I know of you via the Necchi webrings. I have a Singer 306K that I love. Yes, you need to buy needles on line, though they are not terribly expensive. Mine is quiet and sews flawlessly. I prefer the Necchis, but I use the 306K for fancy stitches and serious leatherwork. With that said, I am waiting on delivery of a Necchi Nora that may replace my 306K

Ed Lamoureux said...

I knew someone would come out to sing the praises of the 206/306/319 series Aingers, I'm just surprised it took so long! Guess that shows how few people actually read my blog.

I currently have a 206, two 306s, and a 319 and have had a dozen or more over the years. All have been rattly. 50% of the noise comes from the motor Singer uses, that can be remedied with a motor swap from a Japanese donor machine. The other 50% of the noise is in the hook area and I have never found a way to silence that.

As for the cost of needles, I buy my Organ 15x1 needles from Discount Embroidery Supply for $12/100. The cheapest 206x13 needles I have found are at Allbrands for $49/100. While 49 cents per needle is not expensive compared to quilt shop prices, I still prefer to use 12 cent needles.

Hopefully, your new Nora will convince you that the best place for a 319 is on a display shelf.

Ed

Marceli said...

I can't speak for the noise because I don't have one. But as far as being able to use the 15x1 needles all you have to do is modify the bobbin case, something that I see everybody that owns one doing. Until I read this post I only read good things about them. Now I'm really curious! Are you selling yours? ;-)

Ed Lamoureux said...

Interesting, I have been collecting Singers for about 30 years now and this is the first time I have heard about modifying that bobbin case. I guess I have been away from the Yahoo sewing machine groups too long. The usual solution is to raise the needle bar which throws the needle out of time with the hook, then advance the hook to compensate for this, which throws the hook out of
time with the feed dog, which causes tension problems. Then,
they usually run the upper tension high to compensate for the loose stitches. I assume with your solution, one would hog out a portion of the top where the 15x1 needle hits the bobbin case to provide enough clearance for the incorrect needle. Unless the needle still hits the bobbin, I don't see why that wouldn't work, the only difference between the 15x1 needle and the 206x13 needle is the distance from the eye to the point. I wonder why Singer developed an entirely new needle just for this series of machines when a simple bobbin case modification would have sufficed?

No, I would not sell my 206, 306, or 319 because I would prefer not to generate ill will. I would give them away with certain conditions:

- You have to take all 4 machines: 206, 319, and two 306s in their current condition.

- No attachments or accessories are included, only sewing heads. I will sell the cams, feet, extra needles, foot controls and throat plates on ebay to try to recoup a portion of my investment.

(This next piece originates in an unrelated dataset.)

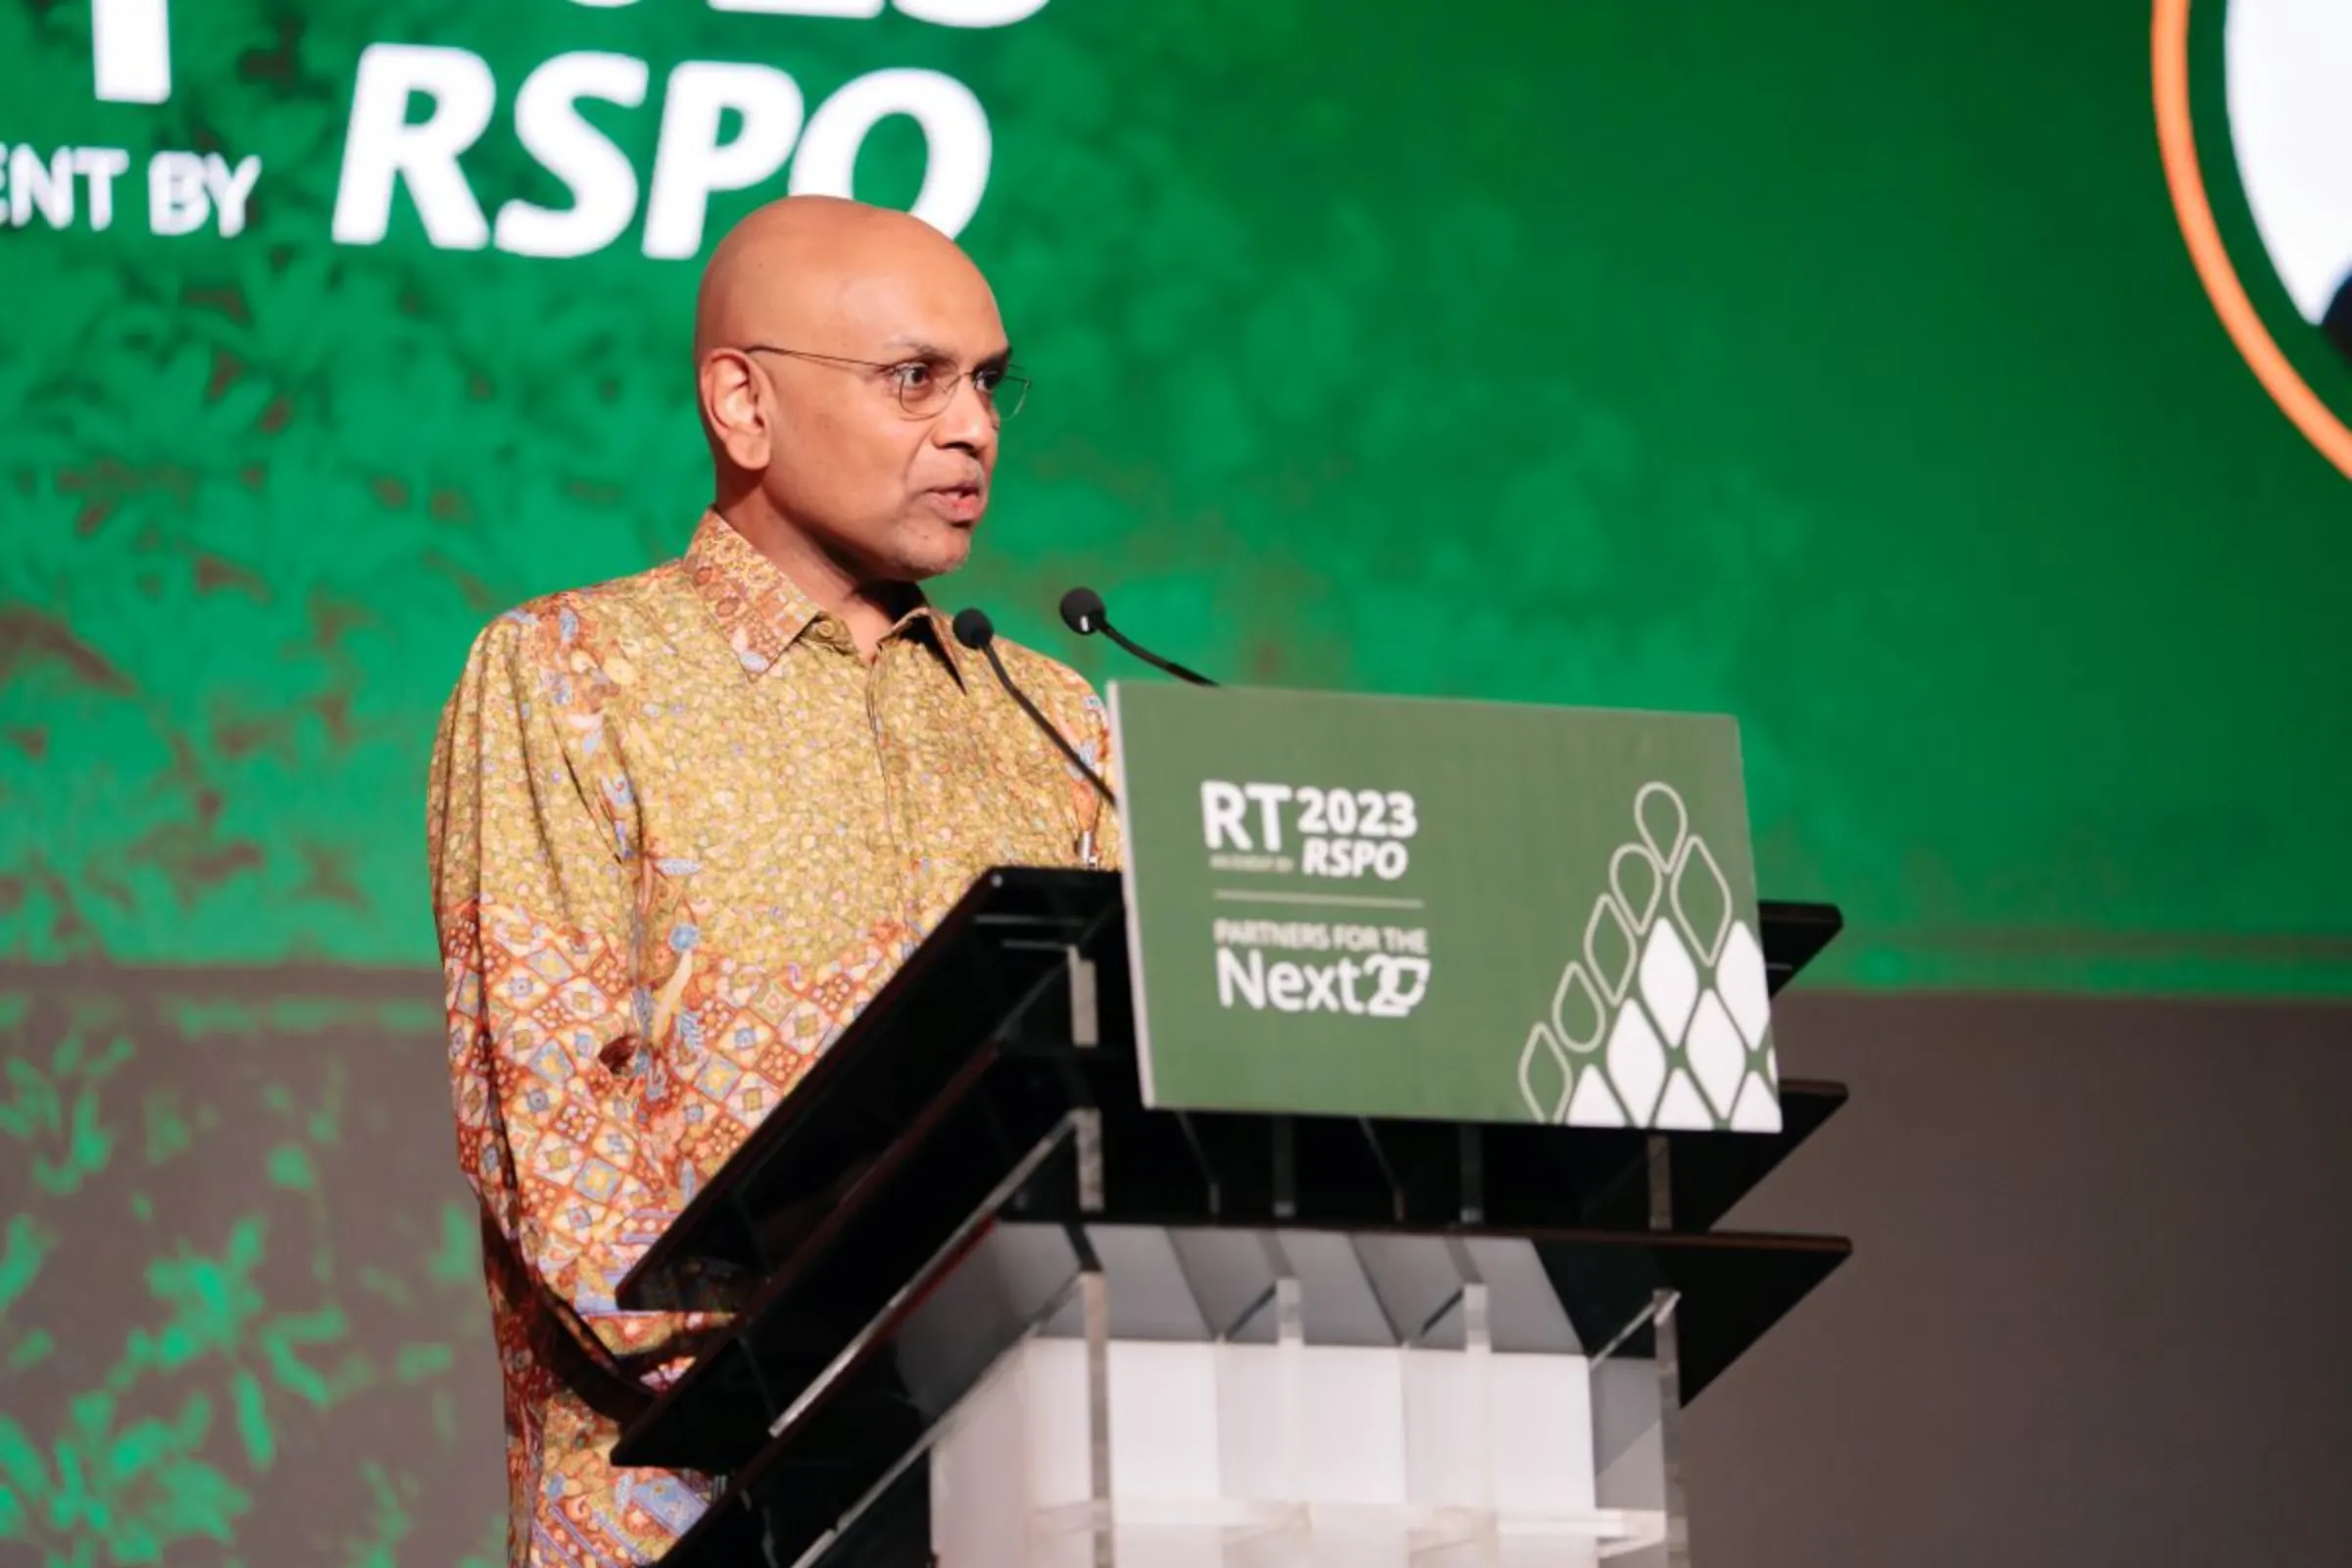 Joseph D’Cruz, the chief executive officer of the Roundtable on Sustainable Palm Oil speaks at the industry watchdog's conference in Jakarta, Indonesia, November 20, 2023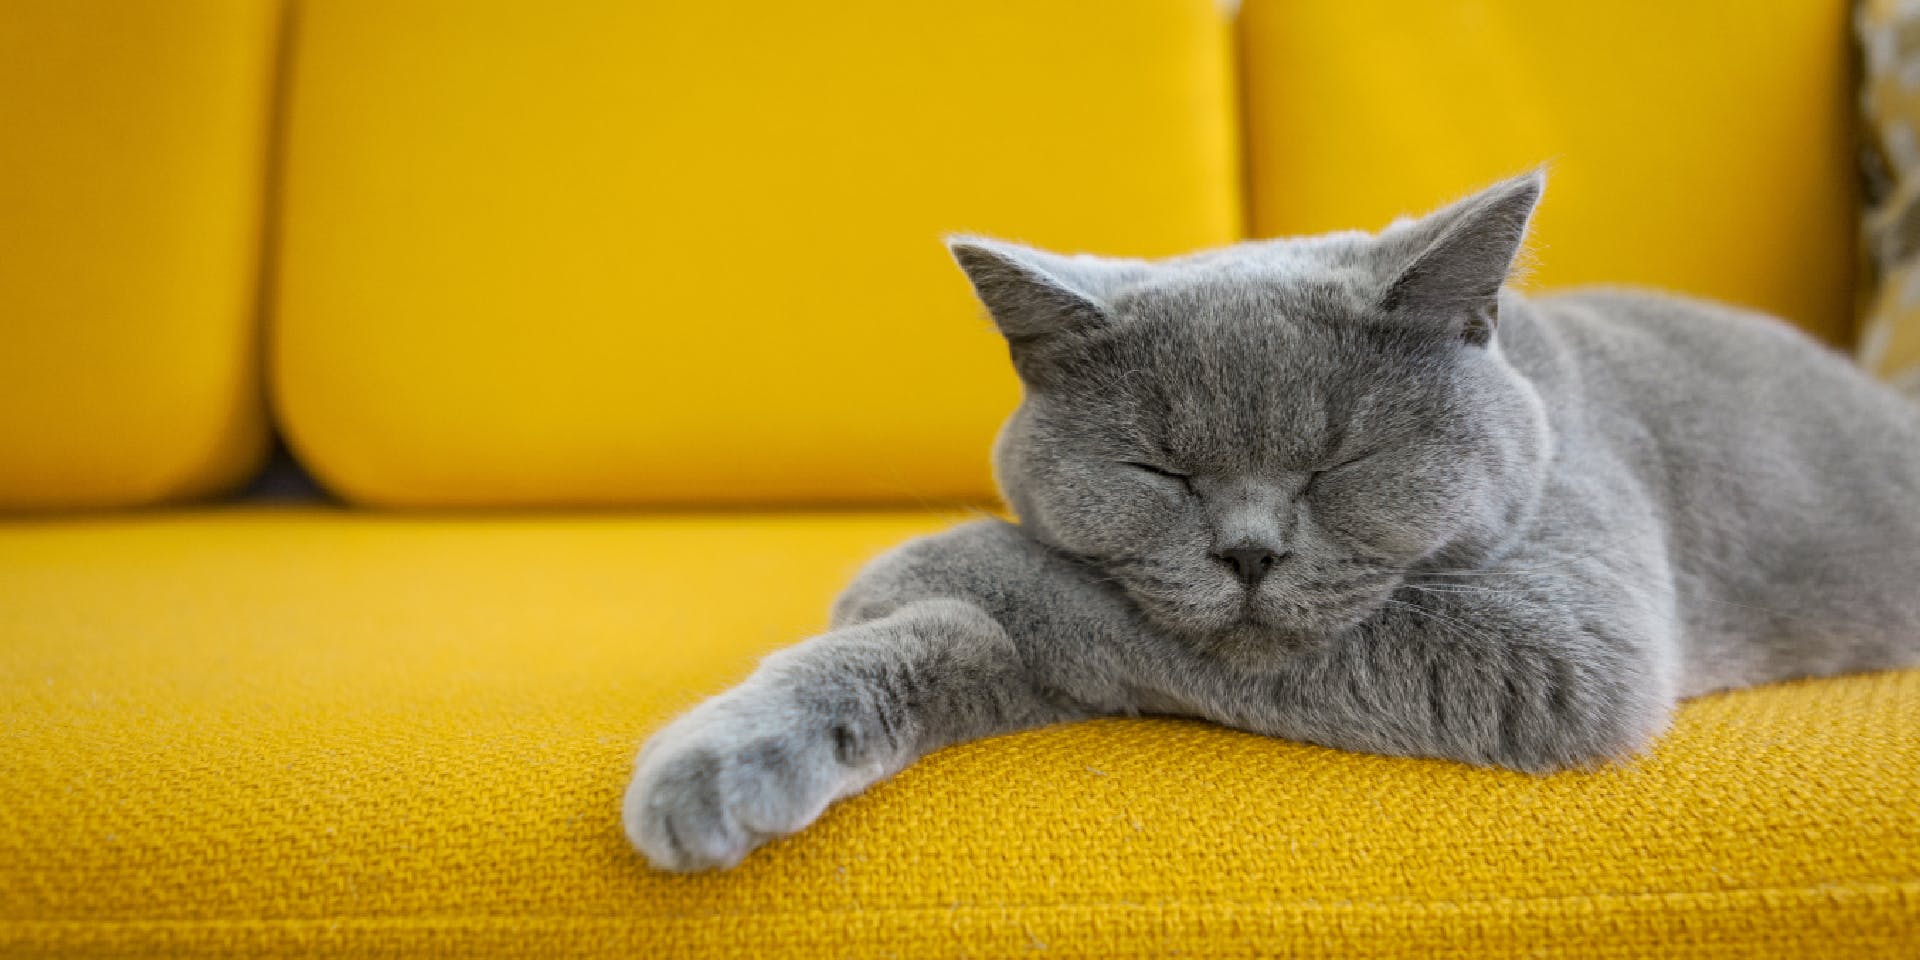 A gray cat sleeping on a yellow couch.

- You have to pick them up at my house. I'm not wasting my time and money shipping them when I can take them to the landfill for free.

Ed

V said...

Wow. I'm sorry to hear of the problems you have with the swing line Singers. I absolutely adore my 319! By far my favorite model and I have many (201, 221, 500, 401, 431G...). I also have a treadled Necchi BU and a Pfaff 130. They run neck and neck with my 319 in terms of my adoration of them. My machine is strong and quiet and my favorite things about it are the levers! To each his/her own :) I wish I were able to take that 319 off your hands!

Carly said...

I have a 306K and can't relate to what your saying. Sure it can be a bit noisy,but machines in general are , I find it easy to tolerate . Mine doesn't shake at all and compared to modern domestics I've used are a lot less noisy and are hard to fix. I find it very good and easy to use and for it to have lasted 55 years is quite astounding, really. Parts are very easy to find on the internet, although sometimes it takes a bit of searching. I personally think they're good quality, on the same standard as the singer industrials.

Ed Lamoureux said...

First, thank you for confirming that the 306 is noisy - most owners want to argue that point. If you can tolerate the sound, good for you! I have used smooth, quiet vintage Necchis and slant-needle Singers enough that a noisy sewing machine now indicates poorly-fitting parts to me and I shun machines that aren't quiet.

Parts can be found, although most are considerably more expensive. From the same online store, a bobbin case for a Singer 15 is $14.95, while the bobbin case for a 306 is $29.95.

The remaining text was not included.